At this point, an example may help. Let $R = \{ (a(1), a(2)) \subset \ZZ^{\oplus 2} : a(1) \equiv a(2) \bmod 2 \}$, and let's understand the square roots of $1$ in $R \otimes_{\ZZ} R$. So $R \otimes_{\ZZ} R$ can be identified with $2 \times 2$ matrices of integers $\left[ \begin{smallmatrix} z(1,1) & z(1,2) \\ z(2,1) & z(2,2) \\ \end{smallmatrix} \right]$, namely, those which are $\ZZ$-linear combinations of $\left[ \begin{smallmatrix} a(1) b(1) & a(1) b(2) \\ a(2) b(1) & a(2) b(2)\\ \end{smallmatrix} \right]$ with $a(1) \equiv a(2) \bmod 2$ and $b(1) \equiv b(2) \bmod 2$. We observe that every such matrix has $z(1,1) - z(1,2) - z(2,1) + z(2,2) \equiv 0 \bmod 4$. So $\left[ \begin{smallmatrix} 1 & 1 \\ 1 &-1 \\ \end{smallmatrix} \right]$ is not in $R \otimes_{\ZZ} R$. We want to generalize this computation to other rings.

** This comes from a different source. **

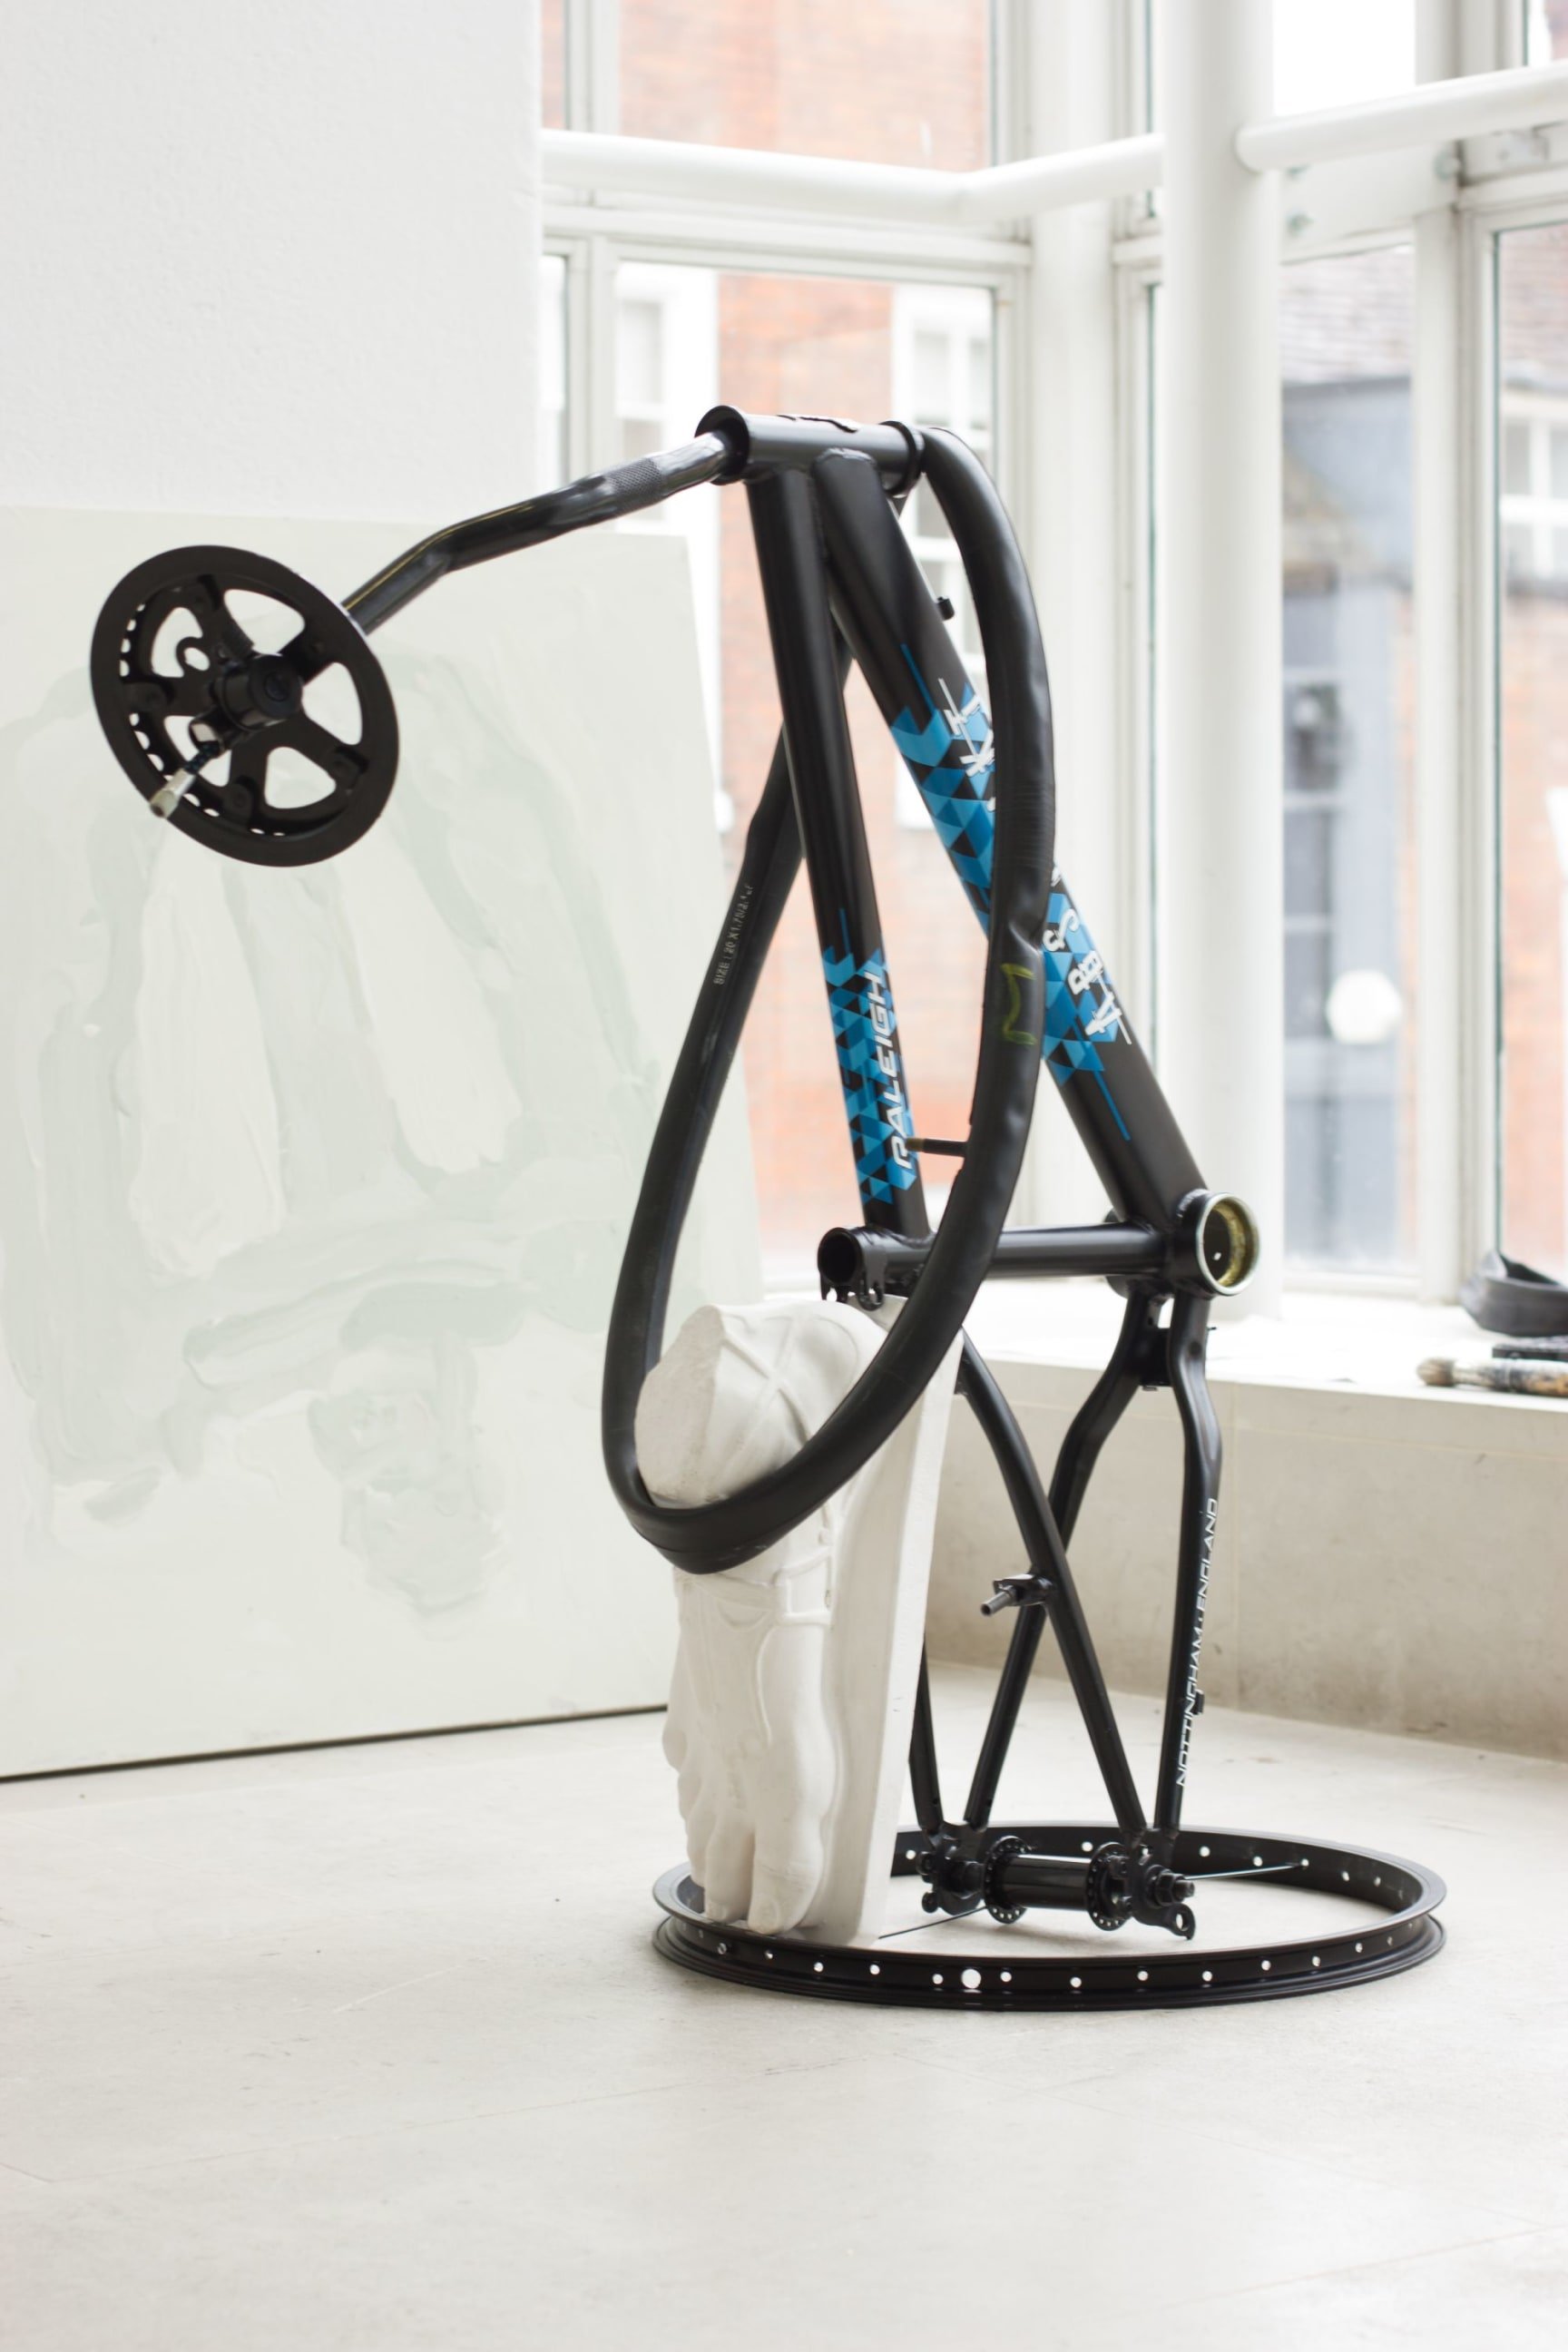 Abstract sculpture on the floor of a studio space in front of bright windows. It appears to be made of bicycle parts and a plaster foot in the style of a classical sculpture.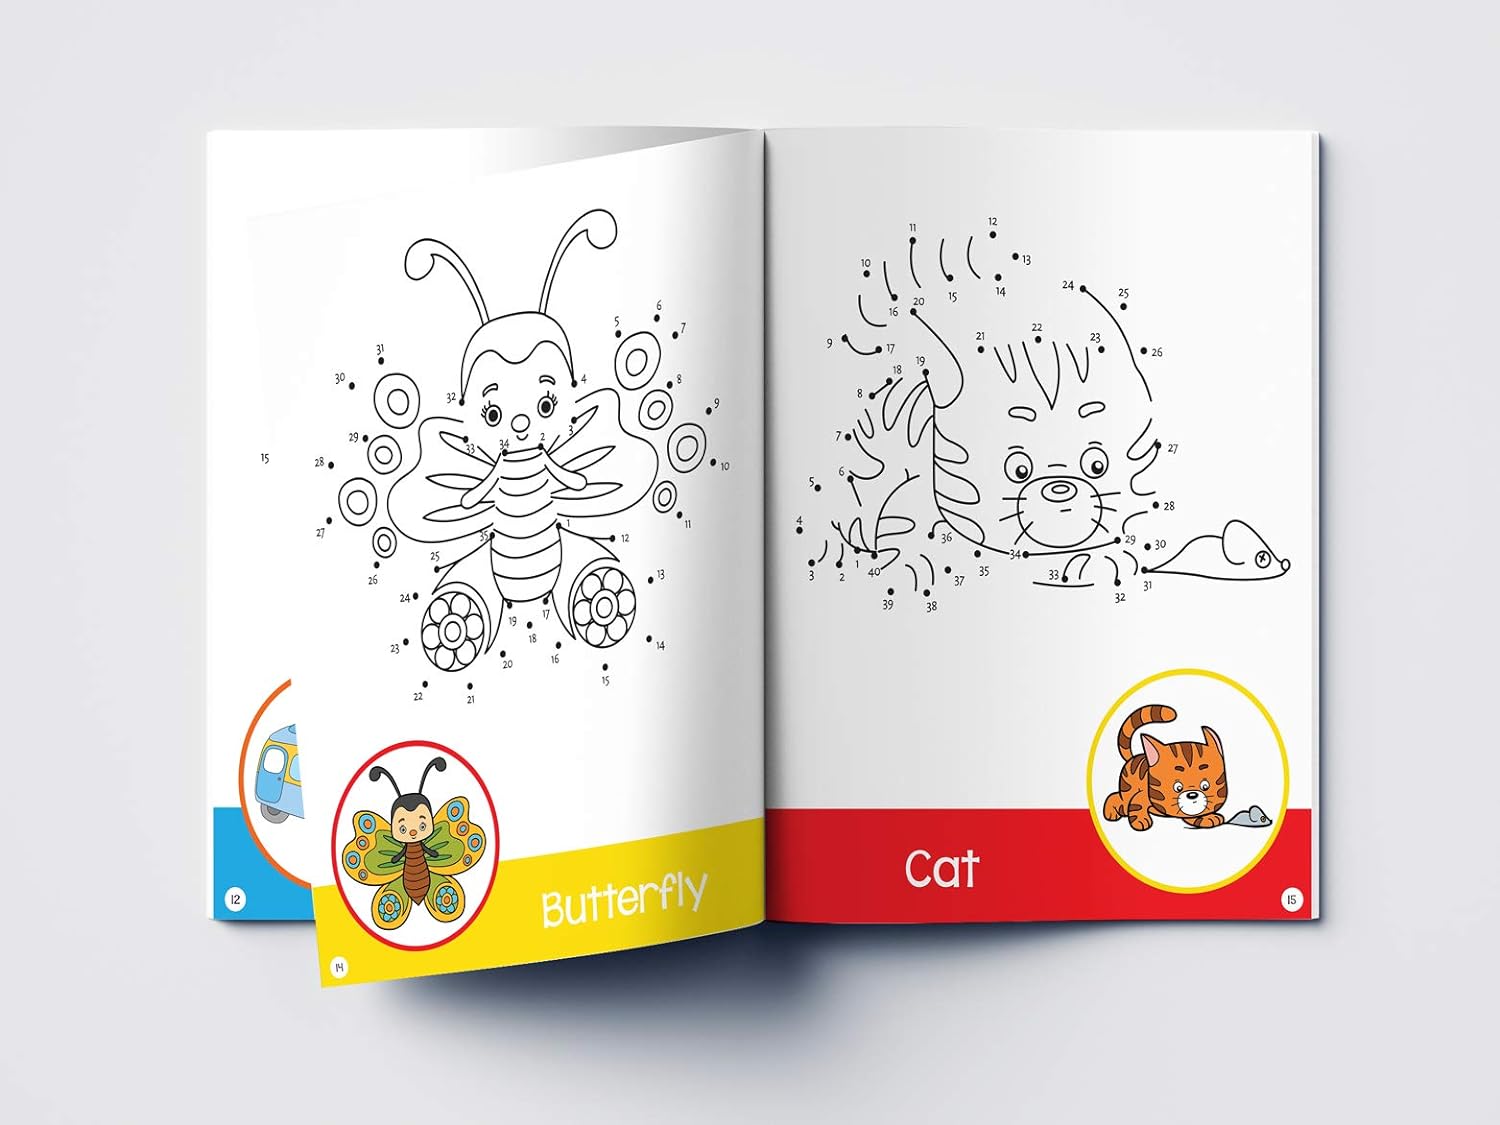 Dot To Dot : First Fun Activity Books For Kids

As an abelian group, we have $D_1^i/\fp_1^{ij} \cong (\ZZ/2)^{\oplus r}$ for some $r$. So we can choose an integer basis $e_1$, $e_2$, ... , $e_s$ of $D_1^i$ such that $2 e_1$, $2 e_2$, ... $2 e_r$, $e_{r+1}$, ..., $e_s$ is an integer basis of $\fp_1^{ij}$; further more, we may take $e_1 = 1$. Let $\lambda_i : D_1^i \to \ZZ$ be projection onto the coefficient of $e_1$. So, for $a \in A_1$, we have $\lambda_i(a(i)) \equiv \lambda_j(a(j)) \bmod 2$. Likewise, we have maps $\mu_k : D_2^k \to \ZZ$ such that $\mu_k(b(k)) \equiv \mu_{\ell}(b(\ell)) \bmod 2$. Then, for any $a \in A_1$ and $b \in A_2$, we have $\lambda_i(a(i)) \mu_k(b(k)) - \lambda_i(a(i)) \mu_{\ell}(b(\ell)) - \lambda_j(a(j)) \mu_k(b(k)) + \lambda_j(a(j)) \mu_{\ell}(b(\ell)) = ( \lambda_i(a(i)) - \lambda_j(a(j)) ) ( \mu_k(b(k)) - \mu_{\ell}(b(\ell)) ) \equiv 0 \bmod 4$.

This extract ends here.